I just added a set of instructions for sending a PC board run off to Seeed Studio to that Google Drive link, in the "Gerber File" folder:

https://drive.google.com/folderview?id=0B67cJELZW-i8VmhVNk5PODNtZnc&usp=sharing

Essentially you download the Gerber .zip file from the Google link (or from post #173 here), rename it to something shorter, then go out to the Seeed 4 Layer service page here

Fusion PCB Service - 4 Layers [PCB02281P] - $39.90 : Seeed Studio Bazaar, Boost ideas, extend the reach

and enter that same .zip file in the upload box. Then just fill in the rest of the options - details in that Google Drive file.

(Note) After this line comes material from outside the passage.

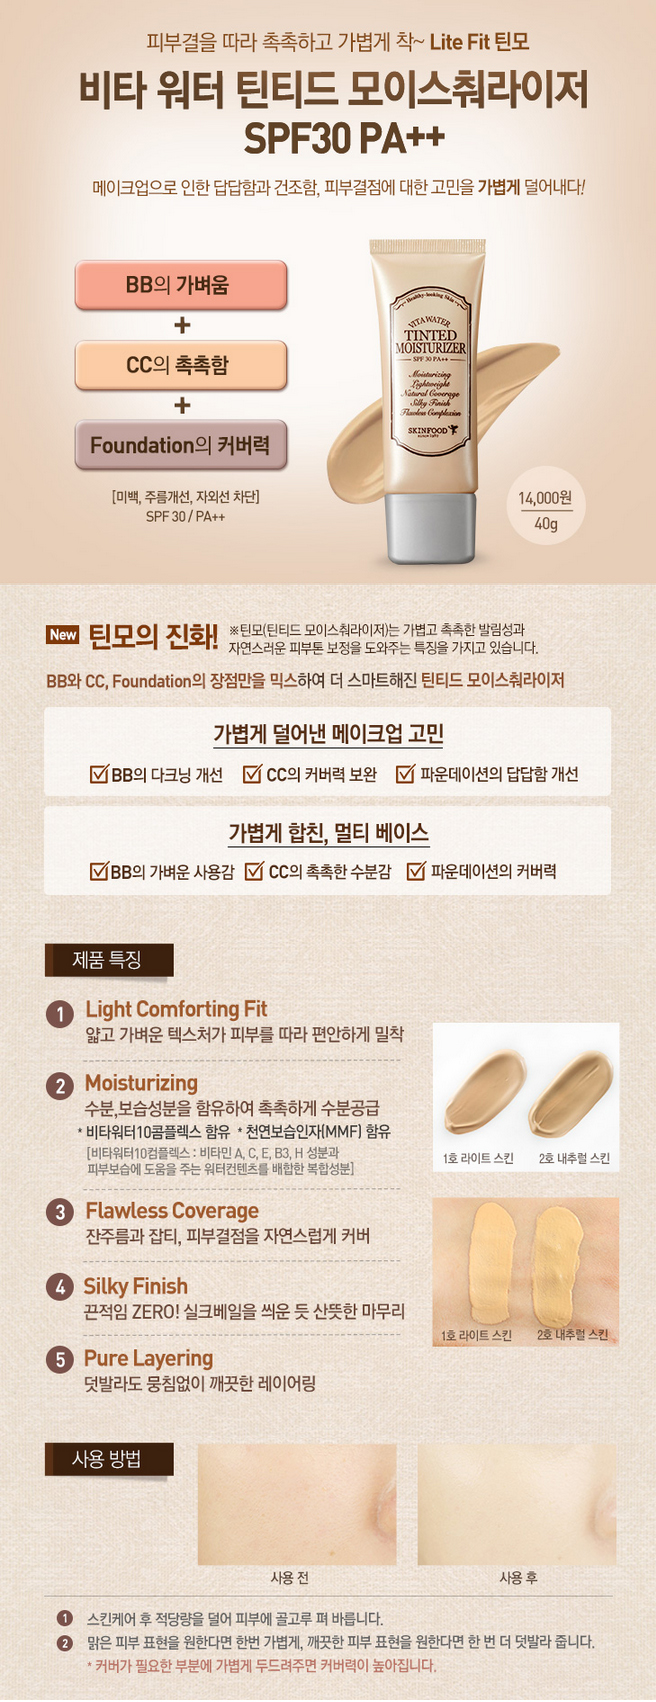 Credit: Skinfood Korea website

For anyone doing a board run, do consider that 2-board build option in the longer B4-160BL case. The longer case is only about $5 more at newark.com, $26.50 vs. $21 for the B4-080BL, and the shipping would be about the same. The two boards just go end-to-end in the next-to-the-bottom slot. Then only populate the power supply stuff on the rear board and everything but the power supply parts on the front board. That leaves plenty of space on the rear board for mounting RocketScientist/NwAvGuy's ODAC. The same front and rear panels fit either case. A hole would need to be drilled in the rear panel of the longer case to get the USB cable out, and/or mount a USB connector for the ODAC.